Unterstützung erhalten die Einzelhändler vom Kieler Institut für Weltwirtschaft (IfW). Die Politik springe unsystematisch zwischen höchst unterschiedlichen Modellen hin und her, kritisierte dessen Präsident Gabriel Felbermayr: „Ergebnis ist, dass die Hilfe häufig bei den Unternehmen gar nicht oder nicht in angemessener Höhe ankommt – mal ist sie zu niedrig, mal zu hoch.“Zusammen mit IfW-Konjunkturchef Stefan Kooths hat er das „Kieler Modell für betriebliche Stabilisierungshilfen“entwickelt, das sich am Betriebsergebnis der jeweiligen Branche orientiert. Diesen Mechanismus könne man über Branchen und Unternehmenstypen hinweg einheitlich anwenden, er könnte außer dem Kurzarbeitergeld alle bisherigen Hilfsprogramme ersetzen. Wenn man den durch die Krise ausgelösten Einbruch der Betriebsergebnisse abfedere, also den Umsatz abzüglich verschiedener Kosten, nicht aber der Zinsen, dann könnten Unternehmen Planungssicherheit gewinnen. Andere Kriseninstrumente wie etwa Kurzarbeitergeld würden besser wirken. Das sichere Arbeitsplätze und festige die Grundlagen für eine schnelle Erholung nach der Krise, hoffen Felbermayr und Kooths.
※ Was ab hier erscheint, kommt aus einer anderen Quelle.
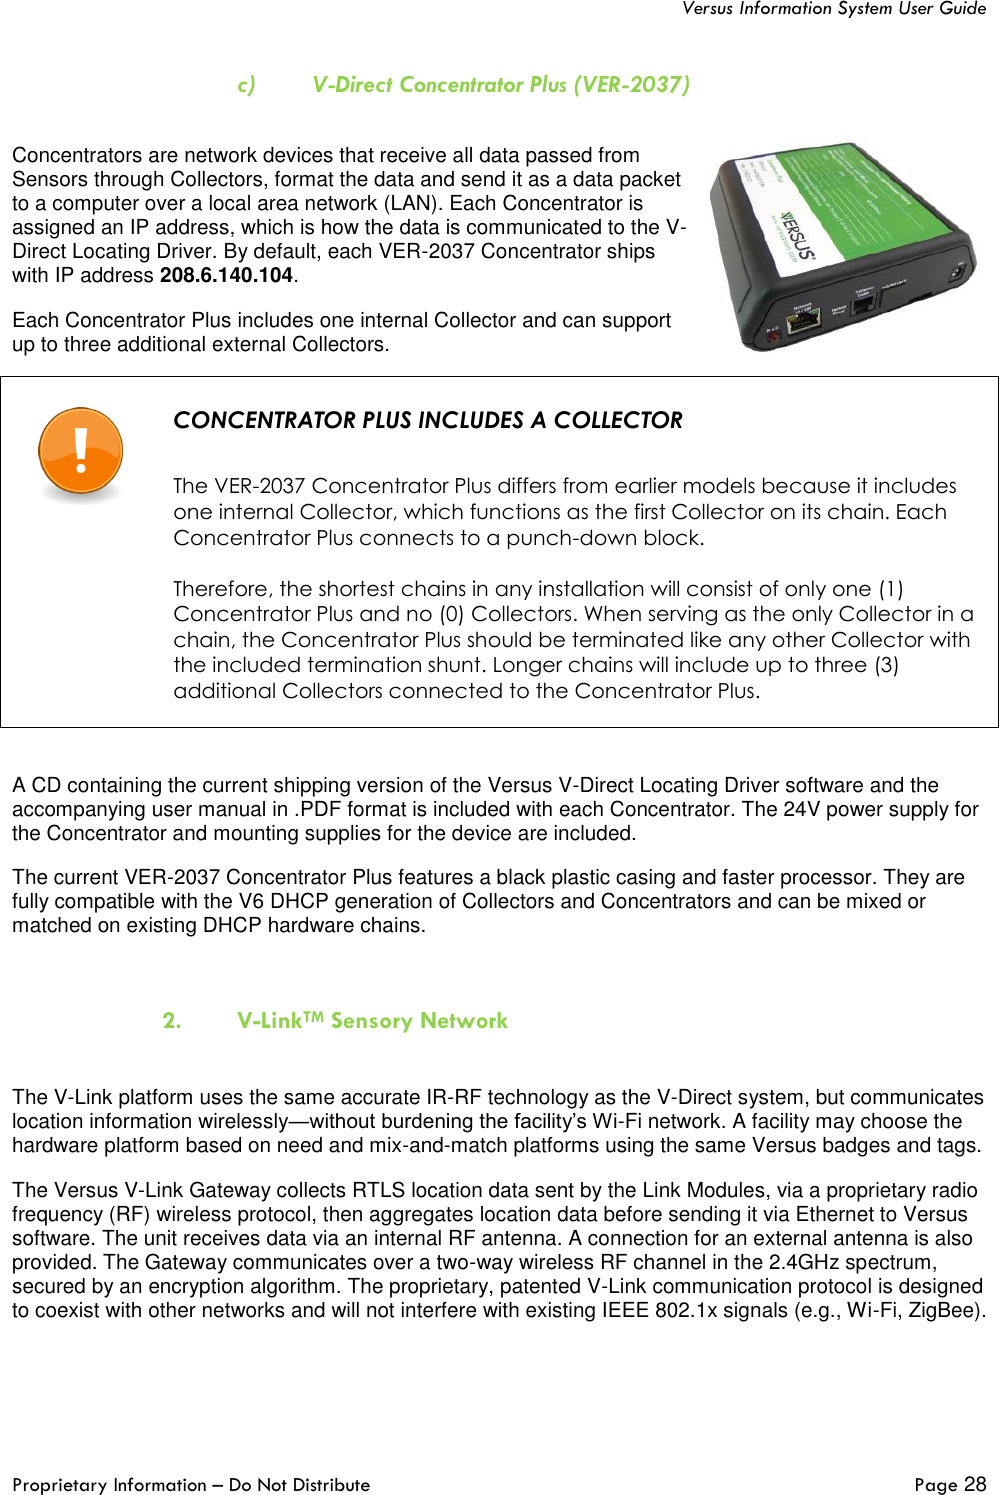   Versus Information System User Guide  Proprietary Information – Do Not Distribute   Page 28  c) V-Direct Concentrator Plus (VER-2037)  Concentrators are network devices that receive all data passed from Sensors through Collectors, format the data and send it as a data packet to a computer over a local area network (LAN). Each Concentrator is assigned an IP address, which is how the data is communicated to the V-Direct Locating Driver. By default, each VER-2037 Concentrator ships with IP address 208.6.140.104. Each Concentrator Plus includes one internal Collector and can support up to three additional external Collectors.    CONCENTRATOR PLUS INCLUDES A COLLECTOR   The VER-2037 Concentrator Plus differs from earlier models because it includes one internal Collector, which functions as the first Collector on its chain. Each Concentrator Plus connects to a punch-down block.  Therefore, the shortest chains in any installation will consist of only one (1) Concentrator Plus and no (0) Collectors. When serving as the only Collector in a chain, the Concentrator Plus should be terminated like any other Collector with the included termination shunt. Longer chains will include up to three (3) additional Collectors connected to the Concentrator Plus.   A CD containing the current shipping version of the Versus V-Direct Locating Driver software and the accompanying user manual in .PDF format is included with each Concentrator. The 24V power supply for the Concentrator and mounting supplies for the device are included. The current VER-2037 Concentrator Plus features a black plastic casing and faster processor. They are fully compatible with the V6 DHCP generation of Collectors and Concentrators and can be mixed or matched on existing DHCP hardware chains.   2. V-LinkTM Sensory Network  The V-Link platform uses the same accurate IR-RF technology as the V-Direct system, but communicates location information wirelessly—without burdening the facility’s Wi-Fi network. A facility may choose the hardware platform based on need and mix-and-match platforms using the same Versus badges and tags.  The Versus V-Link Gateway collects RTLS location data sent by the Link Modules, via a proprietary radio frequency (RF) wireless protocol, then aggregates location data before sending it via Ethernet to Versus software. The unit receives data via an internal RF antenna. A connection for an external antenna is also provided. The Gateway communicates over a two-way wireless RF channel in the 2.4GHz spectrum, secured by an encryption algorithm. The proprietary, patented V-Link communication protocol is designed to coexist with other networks and will not interfere with existing IEEE 802.1x signals (e.g., Wi-Fi, ZigBee).

„Die Familienunternehmer“, die politische Interessenvertretung für mehr als 180 000 Familienunternehmer, unterstützen zwar wie der HDE das Ziel, ein Überlaufen der Intensivstationen zu verhindern. Doch müsse man die „schwerwiegenden wirtschaftlichen Folgen eines geschlossenen Einzelhandels“bedenken, sagte Reinhold von EbenWorlée, Präsident des Verbands. Er kritisierte zudem, dass die Bundesregierung den „für viele Unternehmen rettenden Verlustrücktrag“nicht um ein weiteres Jahr für 2018 erweitern wolle. Das hätte man noch im Jahressteuergesetz unterbringen können, das am Mittwoch zeitgleich mit dem Beginn des harten Lockdowns verabschiedet werde: „Keine andere Hilfsmaßnahme wäre so unkompliziert, zielgerichtet und bringt den notleidenden Unternehmen derart schnell Liquidität.“Wenn eine Mehrwertsteuersenkung über Nacht gehe, müsse auch ein erweiterter Verlustrücktrag über Nacht möglich sein, glaubt Eben-Worlée.